Formula (1), as (2), (or be straight-chain or branched) R ^1, R ^2, R ³ and an alkyl group having 1 to 20 carbon atoms represented by R ⁴ include methyl group, Ethyl group, n-propyl group, iso-propyl group, n-butyl group, iso-butyl group, tert-butyl group, 3-methylbutyl group, pentyl group, hexyl group, 2-ethylhexyl group, heptyl group, octyl group, A nonyl group, a decyl group, a lauryl group, etc. are mentioned, However, A C1-C10 alkyl group is preferable and a pentyl group, a hexyl group, 2-ethylhexyl group, an octyl group, and a decyl group are more preferable. Some or all of the hydrogen atoms in the alkyl group may be substituted with fluorine atoms.

Formula (1), (2), R ^1, R ^2, as the alkoxy group of R ³ and having 1 to 20 carbon atoms represented by R ^4, which said alkyl group and an oxygen atom is bonded Is mentioned. Some or all of the hydrogen atoms in the alkoxy group may be substituted with fluorine atoms.

In the formulas (1) and (2), examples of the aryl group having 6 to 60 carbon atoms represented by R ¹ , R ² , R ³ and R ⁴ include a phenyl group and a C _{1 to} C ₁₂ alkoxyphenyl group. (“C ₁ -C ₁₂ alkoxy” indicates that the alkoxy moiety has 1 to 12 carbon atoms. The same applies to the following.), C ₁ -C ₁₂ alkylphenyl group (“C ₁ -C ₁₂ alkyl”) "Indicates that the alkyl moiety has 1 to 12 carbon atoms. The same applies to the following.), 1-naphthyl group, 2-naphthyl group and the like, and aryl groups having 6 to 20 carbon atoms are preferred. C ₁ -C ₁₂ alkoxyphenyl group and C ₁ -C ₁₂ alkylphenyl group are more preferred. The aryl group may have a substituent. Examples of the substituent include a linear, branched or cyclic alkyl group having 1 to 20 carbon atoms, and an alkoxy group having a linear, branched or cyclic alkyl group having 1 to 20 carbon atoms in its structure. And a linear, branched or cyclic alkyl group having 1 to 12 carbon atoms is preferable. Some or all of the hydrogen atoms in the aryl group may be substituted with fluorine atoms.

As R < ¹ > -R < ⁴ > in said Formula (1), (2), a C5-C20 linear or branched alkyl group is preferable from a viewpoint of improving the charge transport property as an organic semiconductor, R More preferably, all of ^{1 to} R ⁴ are the alkyl group. From the viewpoint of enhancing the solubility, it is particularly preferable that R ¹ and R ² are both branched alkyl groups.

In the repeating unit A, from the viewpoint of improving charge transportability, it is preferable that two or three structures represented by the formula (3) are continuous, represented by the following formula (7) or (8). It is more preferable that a structure represented by the following formula (7) is formed.

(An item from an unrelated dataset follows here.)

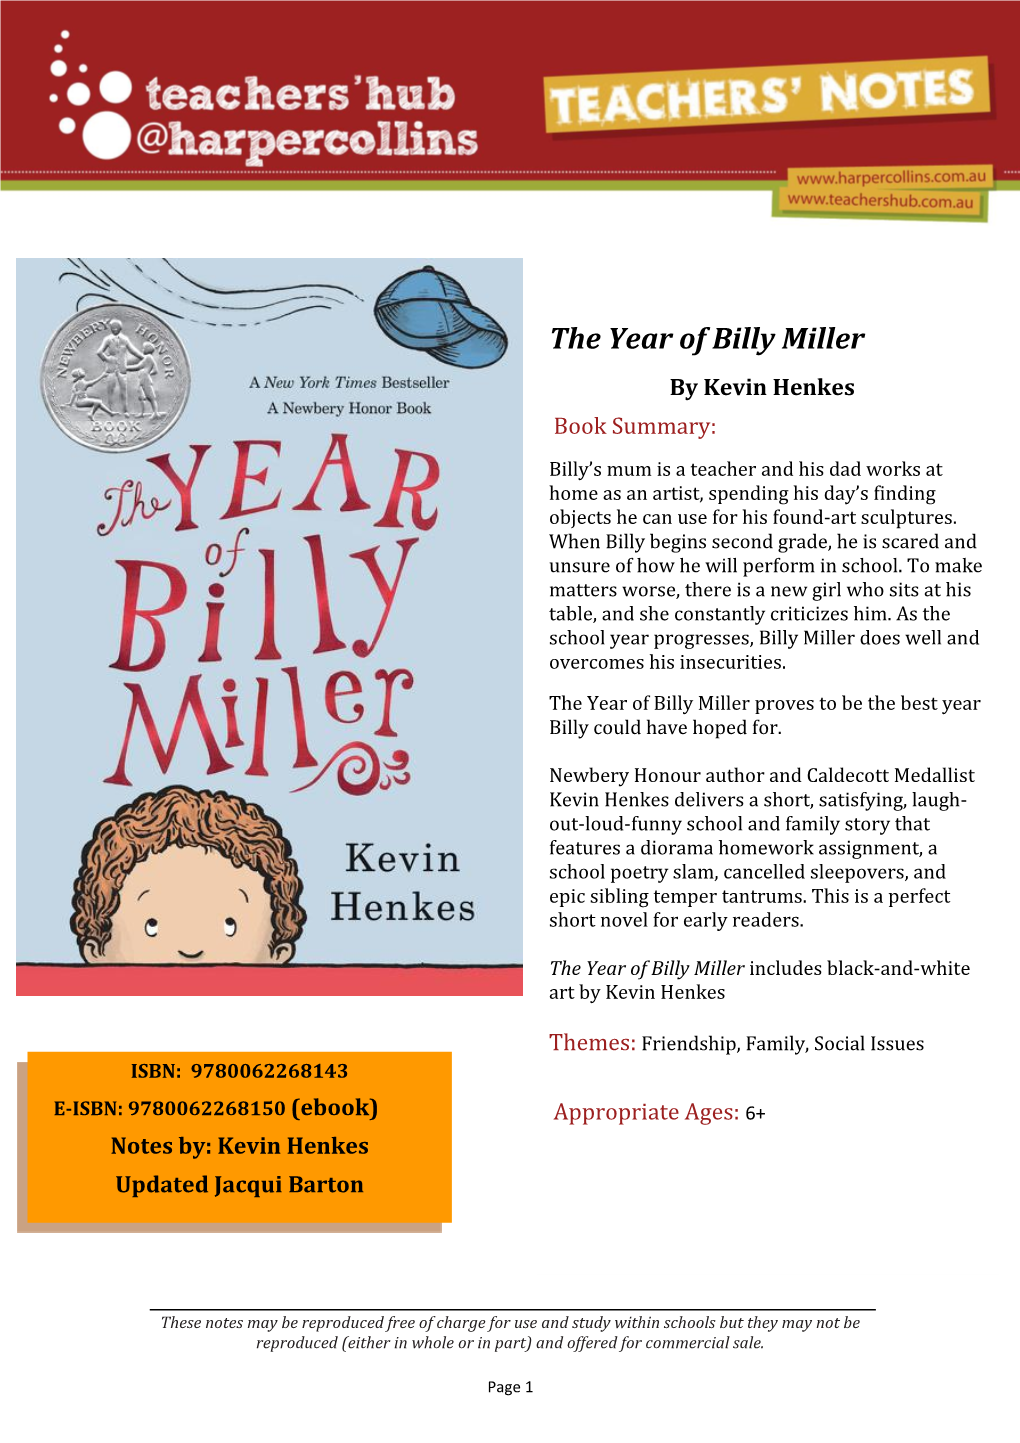 The Year of Billy Miller by Kevin Henkes Book Summary

  In addition, from the viewpoint of improving the planarity of the structure connected to the structure represented by the formula (2), at least one of the bonds in the structure represented by the formula (2), particularly both, It is preferable that the structure represented by Formula (3) is connected.

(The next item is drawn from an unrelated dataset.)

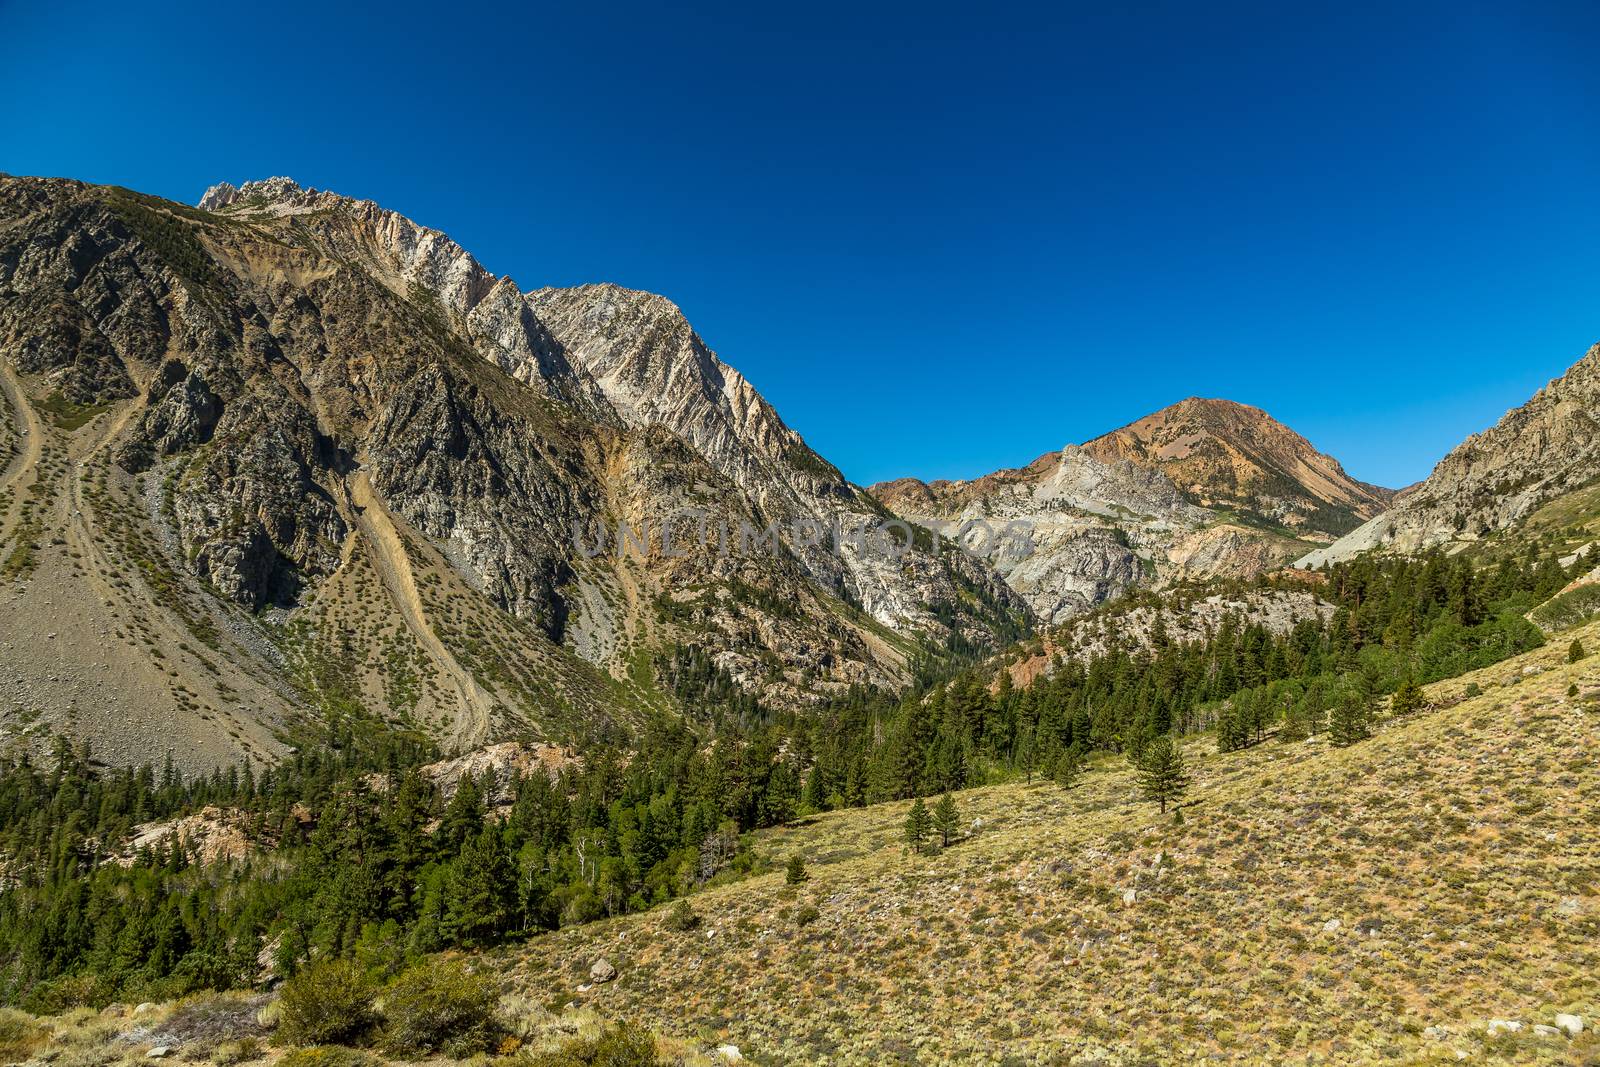 Tioga Pass by adifferentbrian

（式中、Ｒ³及びＲ⁴は前記のとおりであり、ｍ及びｎは、それぞれ独立に、１〜３の整数を表す。但し、ｍとｎとの和は３〜６の整数である。） From the above viewpoint, in the repeating unit A, the structure represented by the formula (2) and the structure represented by the formula (3) are integrated into a structure represented by the following formula (9). It is preferable to form.

(In the formula, R ³ and R ⁴ are as defined above, and m and n each independently represent an integer of 1 to ^3. However, the sum of m and n is an integer of 3 to 6. )

  In the formula (9), m and n are preferably each independently 2 or 3, and the sum of m and n is more preferably an integer of 4-6. Moreover, it is preferable that m and n are the same.

  The polymer has a structure represented by the formula (2) from the viewpoint of enhancing planarity when the structure represented by the formula (2) and the structure represented by the formula (3) are connected. The structure represented by Formula (3) preferably includes a repeating unit having a structure in which 4 or more in total are connected, and more preferably includes a repeating unit having a structure in which 5 or more are connected. By increasing the planarity in this way, the packing between molecules is improved, the interaction between molecules can be increased, and the charge transport property is improved. On the other hand, from the viewpoint of increasing the solubility in an organic solvent, it is preferable that four or more structures represented by the formula (3) are not connected in the repeating unit A.

  From the viewpoint of enhancing the planarity of the structure represented by the formula (1) and the structure connected thereto, the polymer is a bond in the structure represented by the formula (1) in the repeating unit A. The structure represented by the formula (3) is preferably connected to at least one, particularly both.

  In the polymer, the repeating unit A may be contained singly or in combination of two or more. Moreover, it is preferable that at least one repeating unit consisting of one structure represented by the formula (1) and one structure represented by the formula (9) is included.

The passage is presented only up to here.